The dyno tests were run at nearby Jackson Racing, in Westminster, Calif. What better way to determine exactly how much a performance bolt-on was worth that to run a couple of back-to-back tests? The dyno also makes tuning a breeze. Our test vehicle was a 1995 Z28 equipped with a Powerdyne 5-psi supercharger, Crane ignition amplifier and a Borla Exhaust. The Z28 was taken to Jackson Racing with the stock steel driveshaft and put to the test. A number of pulls were made to test the repeatability of the supercharged engine. The output was pretty impressive considering the blower was only putting out 5 psi at 5000 rpm. The blown LT1 pumped out a maximum of 332 rear wheel hp and 336 lbs.-ft. of torque.

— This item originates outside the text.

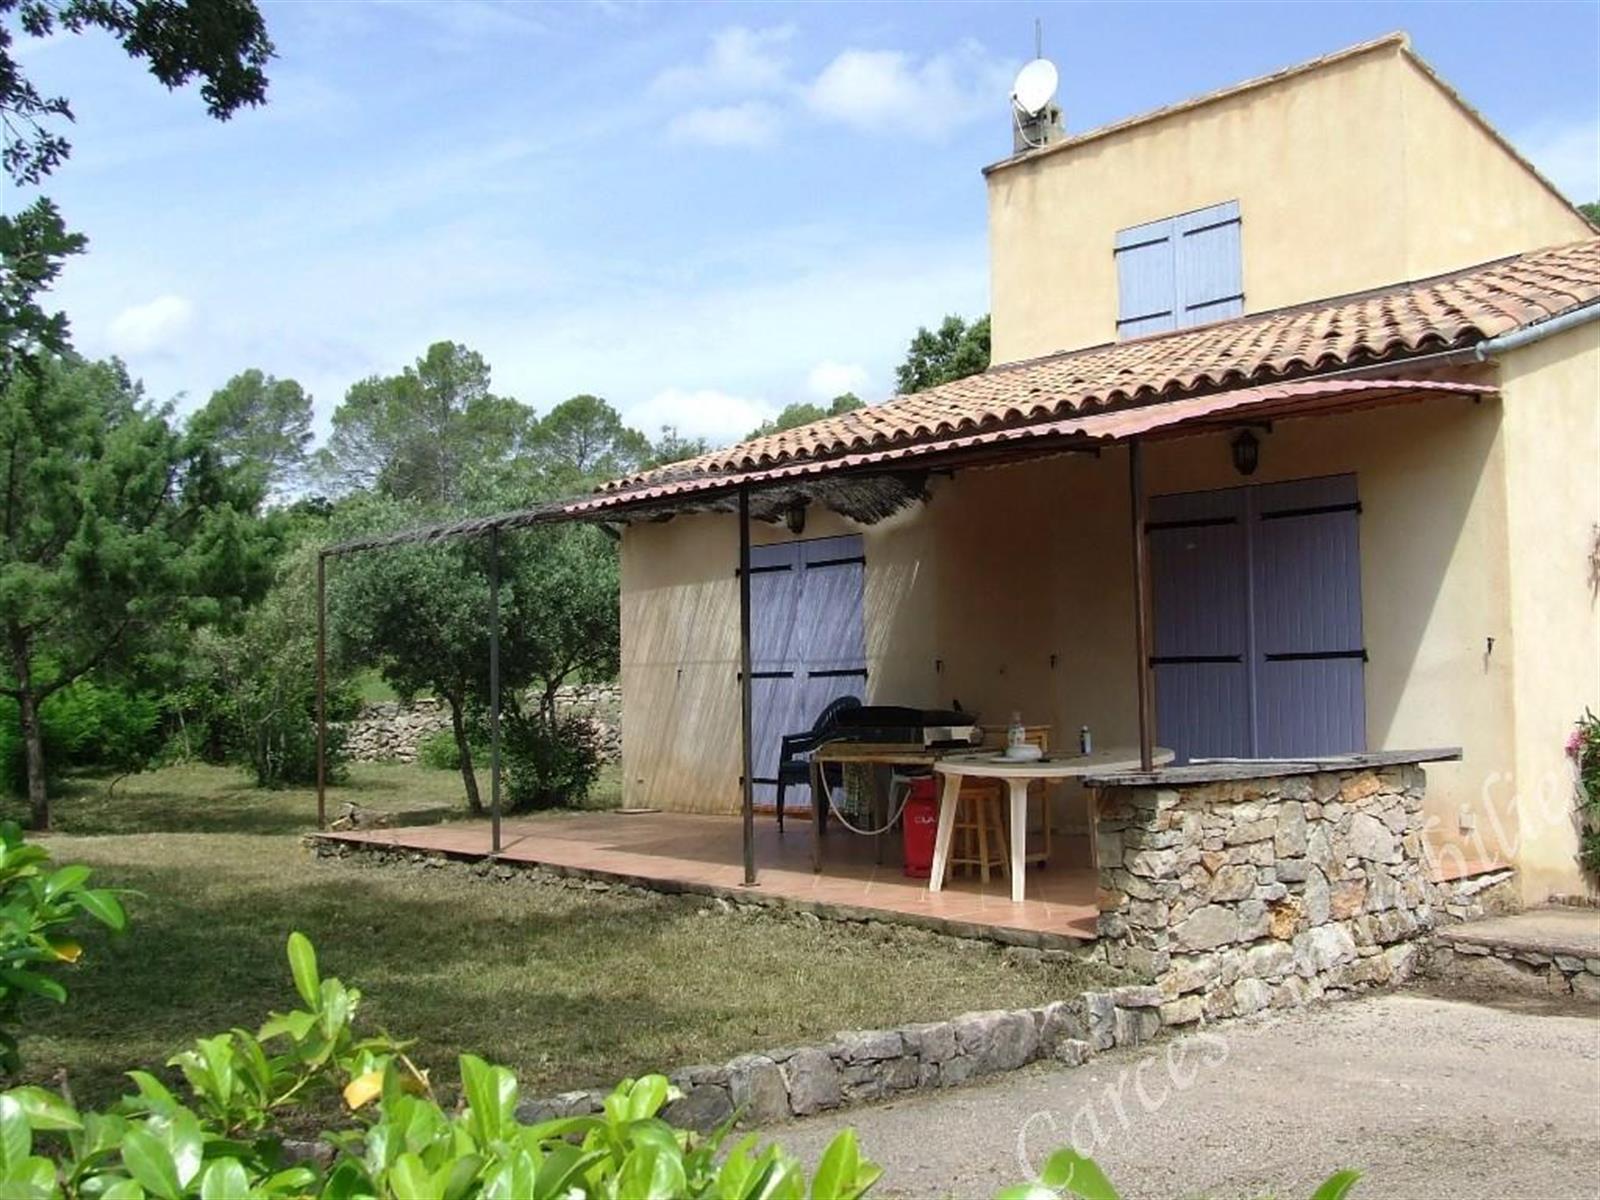 Maison de vacances - Cotignac - #4184431-0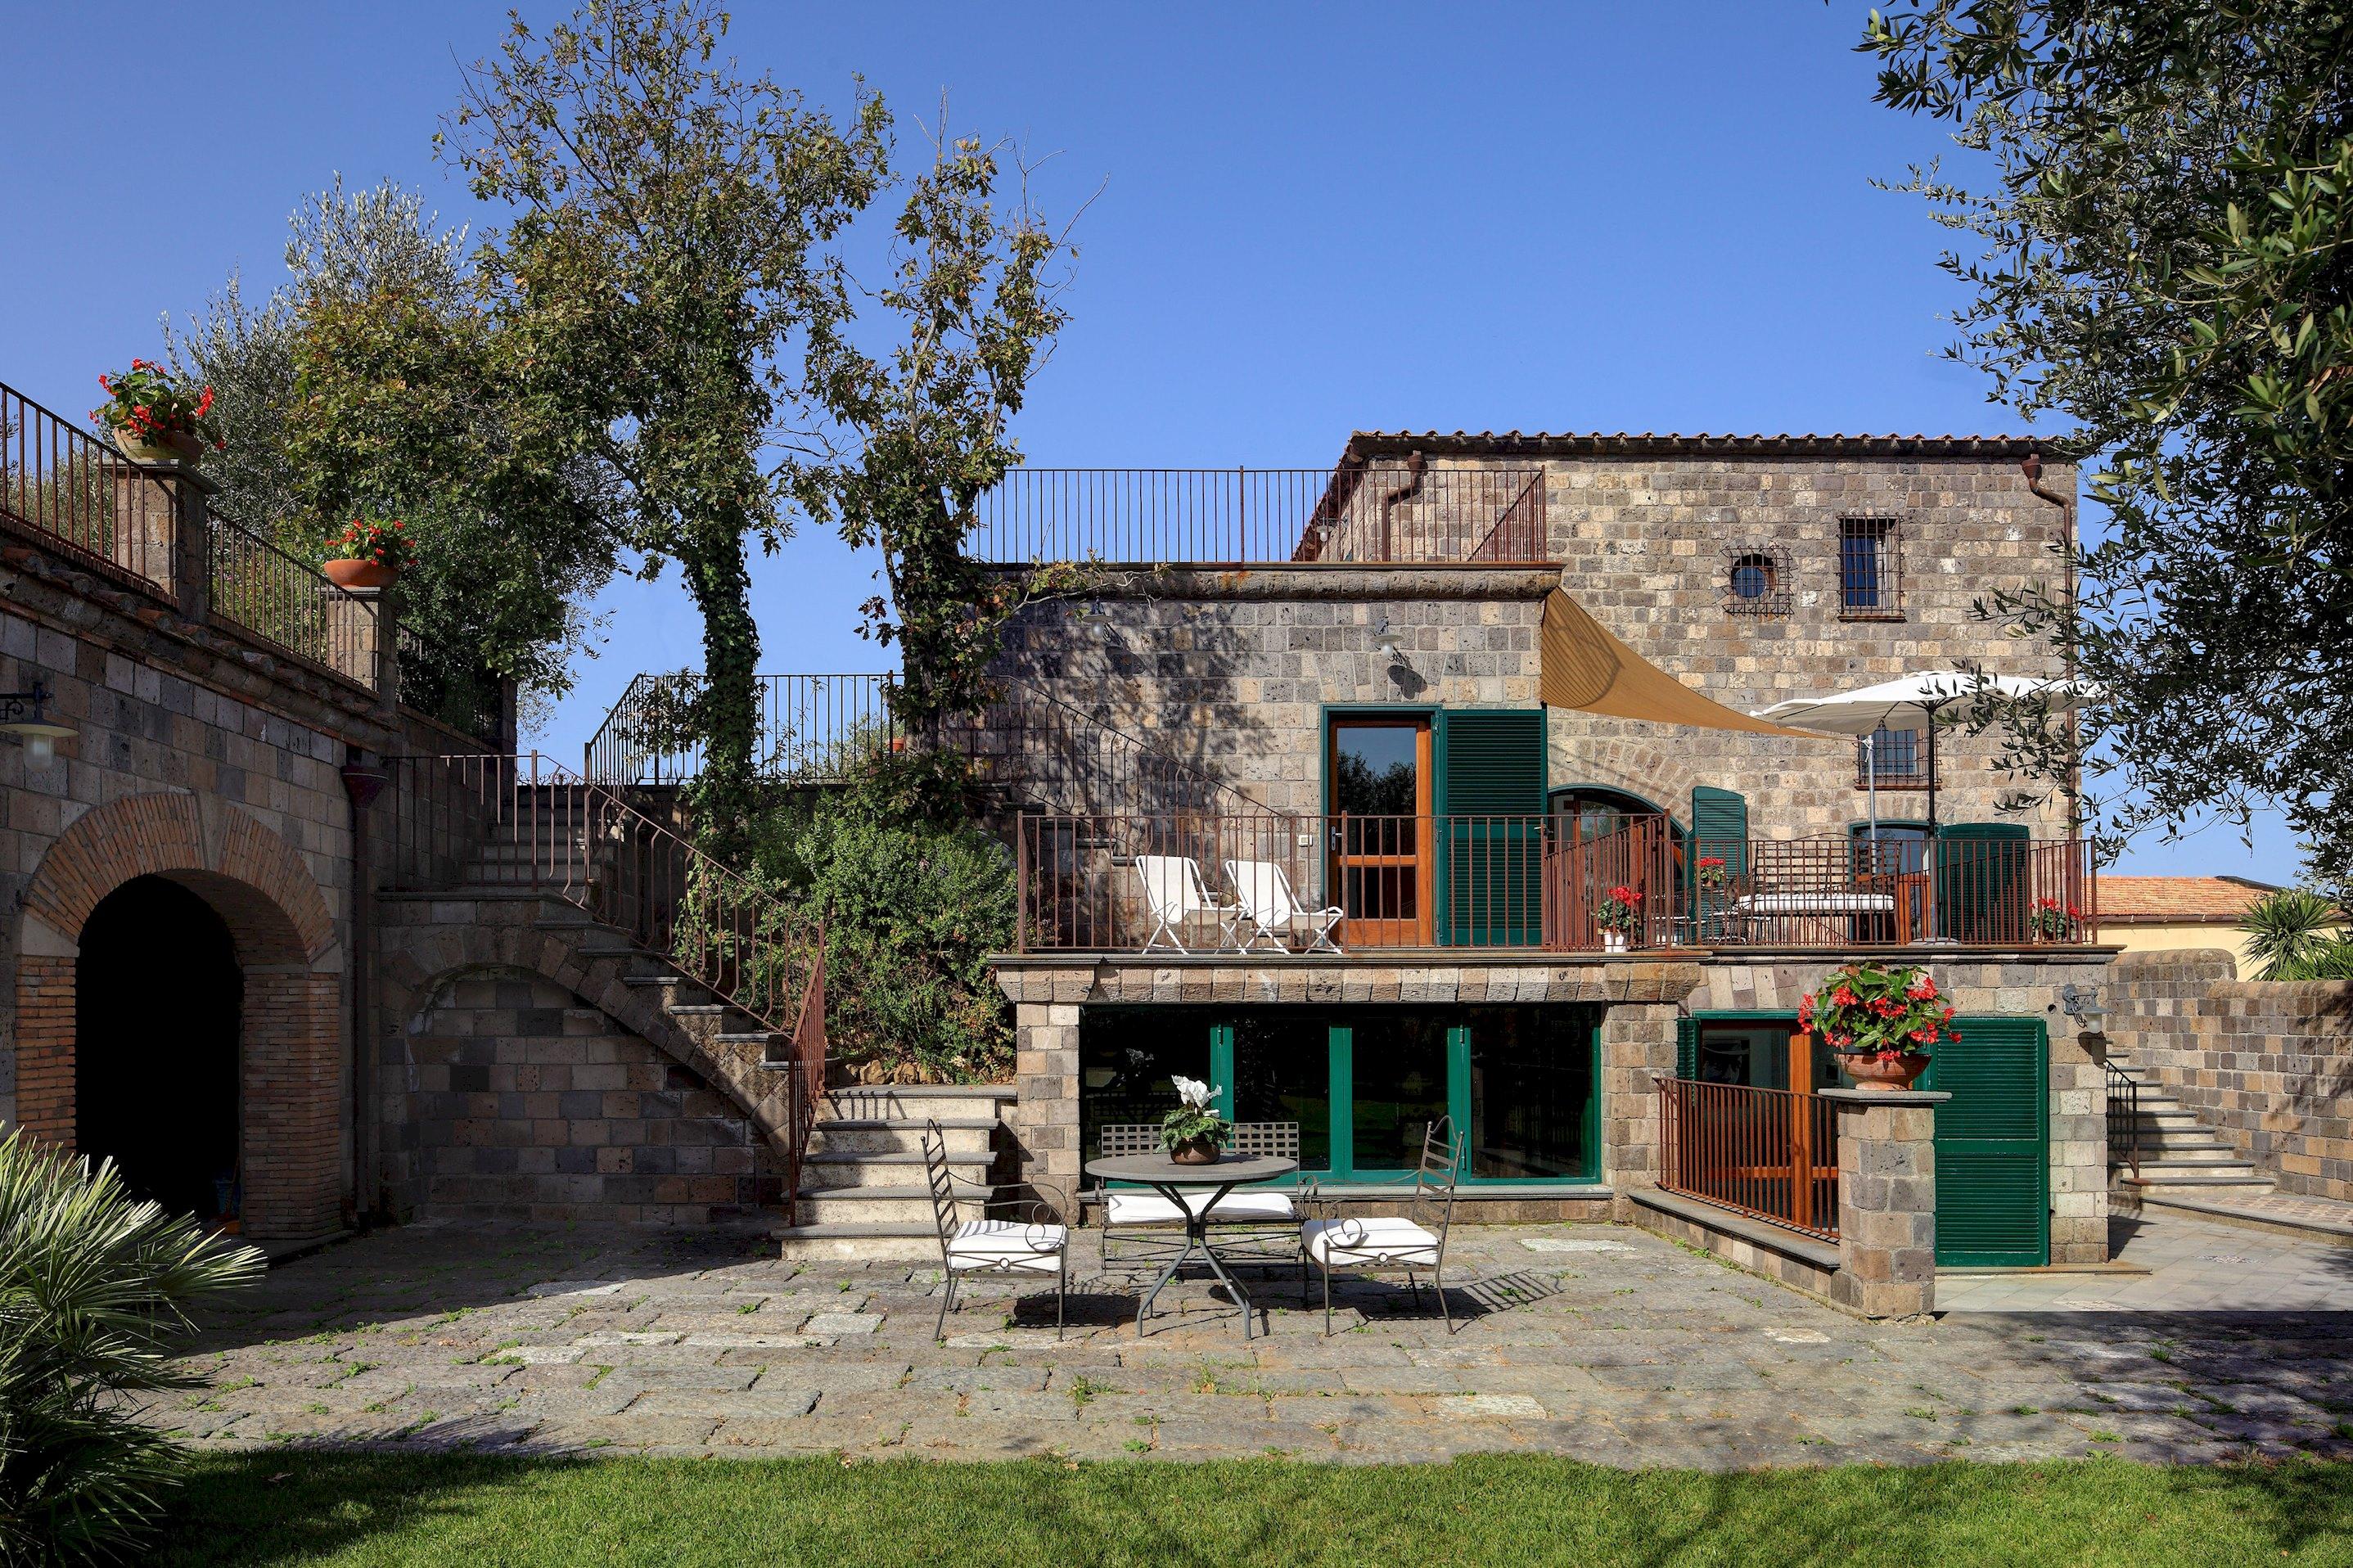 Apartment Villa Vesuvio - Luxury and Beauty photo 25033398

A quick drive back to ACPT headquarters, a couple of 7/16 wrenches and out came the steel driveshaft. The shaft change took all of 12 minutes, in the parking lot, on their backs. Back at Jackson Racing the hammer was dropped, and behold, the entire hp curve was elevated. Though peak numbers had only improved by 4 hp, this was really a function of the test rpm. The engine was only taken to 6000 rpm in both cases,; it never reached a power peak, it just kept on pulling. A look at the difference between the two curves will reveal that the carbon-fiber shaft improved the power everywhere, right from the bottom all the way to redline. The largest difference was 16 hp, measured at 5250 rpm where the stock shaft netted 312 hp and the ACPT registered 328 hp. I guess technology really works!